Desde hace más de dos semanas, el Municipio mantiene clausurada la construcción de un edificio de cuatro pisos ubicado a una cuadra de la plaza principal de Belén de Escobar. El motivo: el desarrollador estaba construyendo un quinto piso no declarado -y, por ende, sin autorización- en los planos del proyecto.
Por tratarse de uno de los emprendimientos inmobiliarios más importantes que se está llevando a cabo en la ciudad, así como por su céntrica ubicación, es un tema que adquirió una especial relevancia. El desarrollo se encuentra a cargo del arquitecto escobarense Pablo Sangiuliano y de la firma AHRSAN S.A. Sangiuliano, además, es desde hace ocho años el presidente de la Cámara de Comercio, Industria y Servicios de Escobar.
La construcción, situada en la esquina de Estrada y Mitre, comenzó en marzo del año pasado, cuando se demolió la centenaria casona existente. El proyecto original, que autorizó el Municipio, contemplaba cuatro niveles destinados a quince viviendas multifamiliares de dos y tres ambientes y cinco oficinas.
La planta baja se destinaría a dos locales comerciales, mientras que en el subsuelo se realizaría una cochera con capacidad para 13 vehículos. En el nivel superior, en tanto, estaba prevista una terraza accesible y descubierta, concebida como espacio común. Sin embargo, el estudio de arquitectura responsable de la obra habría decidido incumplir este último punto para construir un piso más.

Una inspección realizada por personal de la Secretaría de Obras Particulares el lunes 30 de marzo detectó la ejecución de un quinto piso con superficie cubierta, de entre 50 y 100 metros cuadrados, no contemplado en los planos aprobados. A partir de esa irregularidad, los agentes municipales clausuraron la obra y colocaron fajas de seguridad en el acceso principal, sobre la calle Mitre al 700.
Asimismo, las autoridades intimaron a los responsables de la obra a cesar toda actividad y a regularizar su situación ante la Secretaría Contravencional. Pero, más de quince días de la clausura, la construcción sigue paralizada. Desde el Ejecutivo, ante la consulta de El Día de Escobar sobre esta situación, informaron que el desarrollador hizo una presentación, aunque aclararon que “no efectuó un descargo formal”, por lo que la situación administrativa del expediente continúa abierta.

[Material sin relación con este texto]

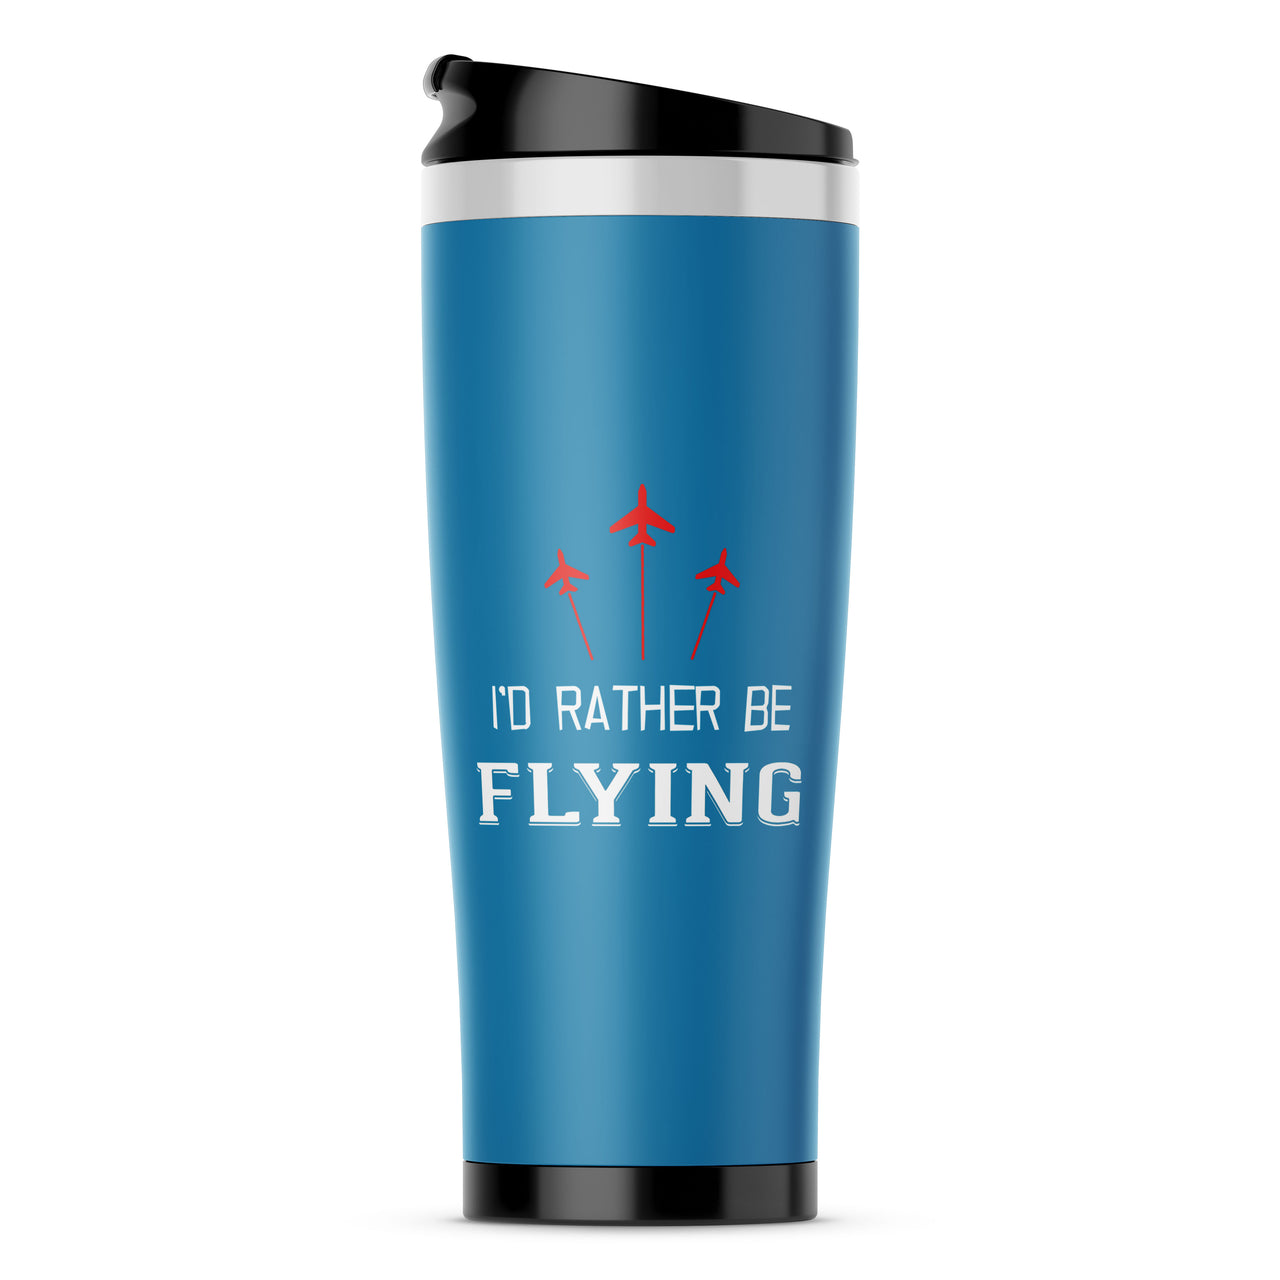 I'D Rather Be Flying Designed Travel Mugs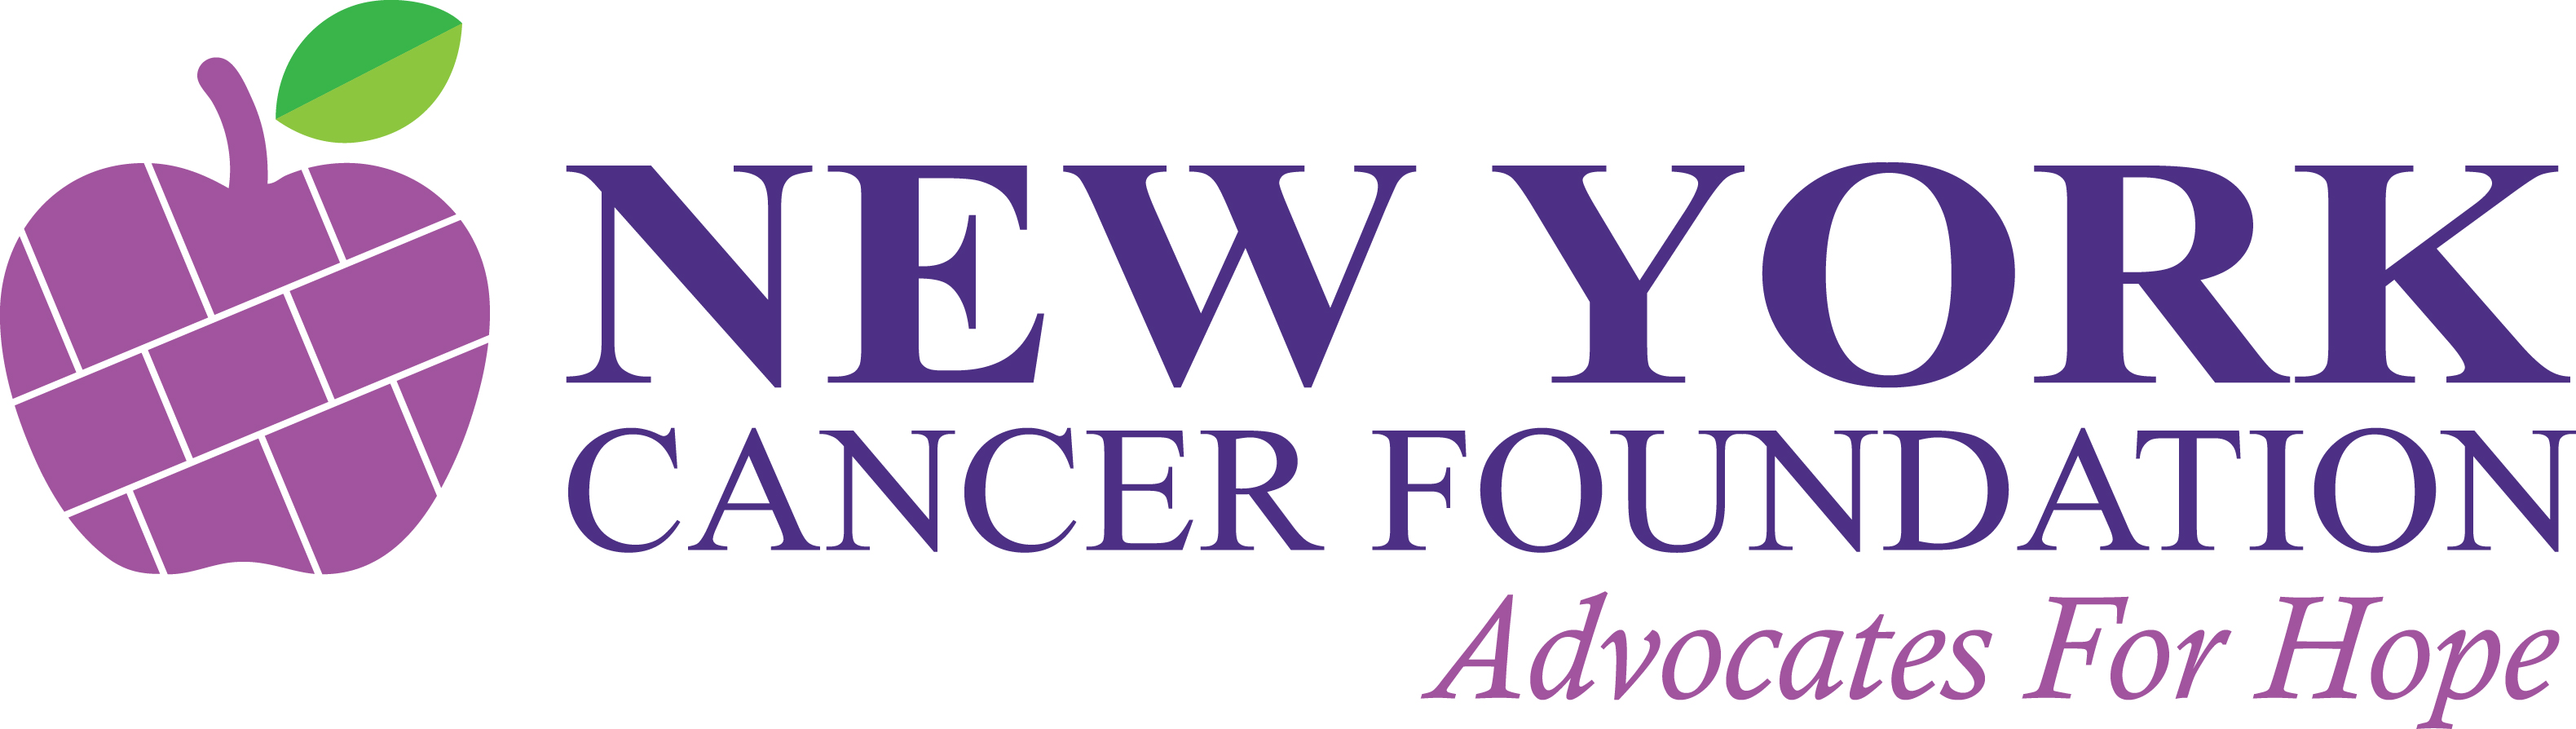 New York Cancer Foundation logo

Además, indicaron que el monto de la multa todavía no se definió y que “dependerá de si el responsable subsana las irregularidades detectadas”. En paralelo, el Municipio analiza los pasos a seguir respecto de la estructura construida por fuera de lo autorizado.
“Está en análisis la definición sobre si corresponde o no la demolición de la estructura iniciada en el quinto piso”, señalaron. Esta decisión dependerá de criterios técnicos y administrativos.

El caso generó una lógica inquietud entre los vecinos. En los últimos días, algunos frentistas aseguraron en las redes sociales de este medio la presunta continuidad de actividades en el inmueble. Una de ellas fue Vanina Pagano, quien señaló: “El cartel está, pero siguen construyendo”.
Otra vecina, Marta González, sostuvo: “Ayer y hoy estaban trabajando”, en referencia a la presunta continuidad de la construcción. También se vio a personas de la empresa desarrolladora retirando materiales del lugar, lo que podría implicar una presunta violación de la clausura dispuesta por la autoridad municipal.

La casona demolida, un símbolo perdido
En el terreno donde hoy se levanta este edificio había una casona centenaria que formaba parte del patrimonio arquitectónico de Belén de Escobar. El inmueble, que perteneció a la familia Migoya, había sido vendido en 2022 y su demolición se concretó en pocos días para dar lugar al actual desarrollo inmobiliario.
La construcción se destacaba por su estilo neoclásico, con molduras decorativas en los dinteles y la cornisa, además de ventanas altas con rejas de hierro forjado y marcos ornamentales. En su interior contaba con un patio donde, tiempo atrás, había un molino, lo que reforzaba su valor histórico y simbólico para la ciudad.

A lo largo de los años, la propiedad tuvo distintos usos: en el pasado funcionó allí un boticario y también una perfumería. Para muchos vecinos, era una referencia tradicional del centro escobarense.
Su demolición reavivó el debate sobre la falta de políticas de preservación del patrimonio urbano en el distrito, en un contexto donde varias construcciones históricas han sido reemplazadas por emprendimientos inmobiliarios en altura.